Concurrently with the cumulative antibiogram, a resistance phenotype analysis was performed to characterise the epidemiological burden of resistance in the unit, following a modified WHO GLASS methodology [11]. This analysis evaluated the distribution of MDR, XDR, extended-spectrum beta-lactamase (ESBL)-producing, and carbapenem-resistant organisms (CROs). This analysis differs methodologically from the cumulative antibiogram because it includes all non-duplicate isolates (not only the first isolate per patient), allowing a more complete assessment of resistance over the hospitalisation period. The results are summarised in Table 4.
High proportions of MDR and XDR isolates were observed, particularly among A. baumannii and K. pneumoniae, with substantial carbapenem resistance. A. baumannii accounted for the highest absolute number and proportion of XDR strains, while K. pneumoniae also exhibited a notably high frequency of XDR phenotypes. P. aeruginosa contributed substantially to the overall MDR burden but showed relatively fewer XDR isolates compared to A. baumannii and K. pneumoniae. Among GPCs, methicillin-resistant S. aureus (MRSA) and macrolide–lincosamide–streptogramin B (MLSB) resistance phenotypes were frequently observed.
In accordance with the heterogeneous resistance patterns, antibiotic exposure was variable among the 128 patients. Approximately one-third of them (n = 40; 31.2%) did not receive systemic antibiotic therapy, while 27 patients (21.1%) received only prophylactic treatment, most commonly cefazolin. Among patients who received therapeutic antibiotics, 14 patients (10.9%) were exposed to two antibiotics (categorised as moderate exposure), and 28 patients (21.9%) received three to five antibiotics (high exposure). A further 19 patients (14.8%) experienced extensive polypharmacy, receiving six or more different systemic agents during hospitalisation. Within this latter group, five patients received six antibiotics, three patients each received seven, eight, nine, or ten, and two patients were treated with as many as 11 antibiotics—the highest number recorded in the cohort. In addition to systemic therapy, 19 patients (14.8%) also received topical antibiotics as part of wound management (topical treatments were not included in the systemic exposure categories). For analytical purposes, all patients who received at least one antibiotic, whether oral, intravenous, or topical, at any point during hospitalisation were classified as having antibiotic exposure.

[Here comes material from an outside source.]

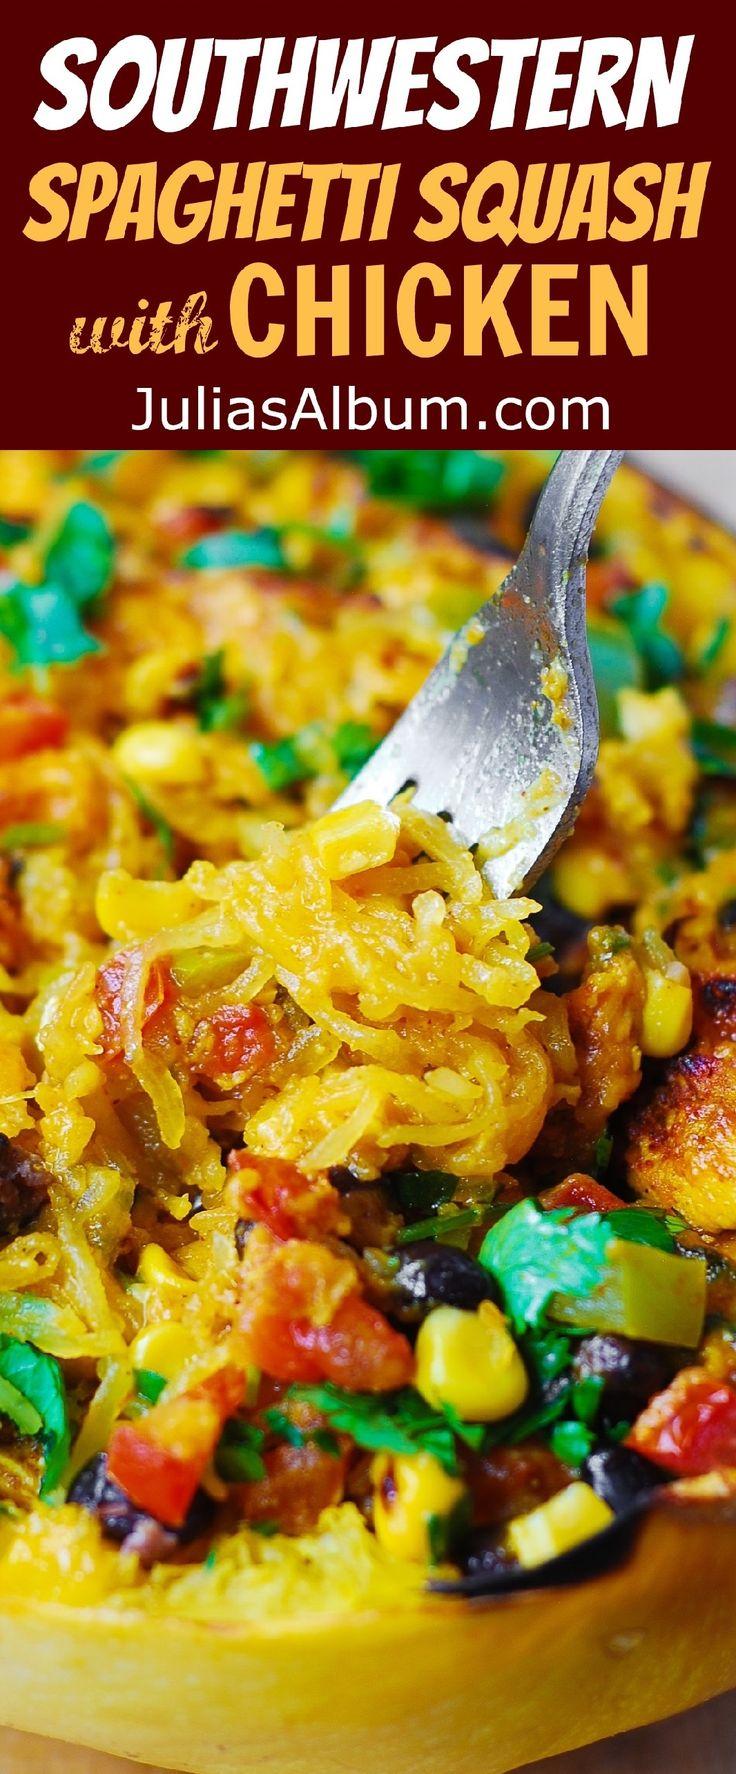 Southwestern Chicken Stuffed Spaghetti Squash - perfect Autumn dinner!  (Thanksgiving, holidays recipes)

2.4. Distribution of MDR and XDR Isolates by Sample Type
The distribution of MDR and XDR isolates was analysed by bacterial species and sample type to identify potential associations between infection site and AMR level. The frequency of MDR and XDR isolates across different clinical samples is summarised in Table 5.
MDR isolates were identified across all sample categories. Notably, the proportion of MDR isolates was lower in wound secretions compared with bronchial aspirates (p = 0.003) and blood cultures (p = 0.002), while no statistically significant difference was observed between wounds and urine samples (p = 0.435). Similarly, XDR isolates were significantly less frequent in wound samples compared with blood cultures (p = 0.011) and urine cultures (p = 0.006). The difference between wound and bronchial aspirate samples for XDR pathogens did not reach statistical significance (p = 0.066).
2.5. Patient-Level Analysis: Distribution of High-Risk Resistance Phenotypes and Risk Factors for XDR Infection
To assess the clinical burden of AMR at the patient level rather than the isolate level, patients were classified according to the highest resistance phenotype identified among all isolates recovered during their hospitalisation (Table 6).
Based on this classification, 59.37% of patients (n = 76) harboured MDR strains (including XDR), while 26.56% (n = 34) had at least one XDR pathogen isolate identified during hospitalisation. Additionally, 37.5% of patients (n = 48) had at least one isolate exhibiting an ESBL or CRO phenotype, and 36.72% (n = 47) were identified as having MRSA. These findings underscore the substantial burden of highly resistant pathogens in the burn unit and highlight the limited therapeutic options available for empirical and targeted treatment.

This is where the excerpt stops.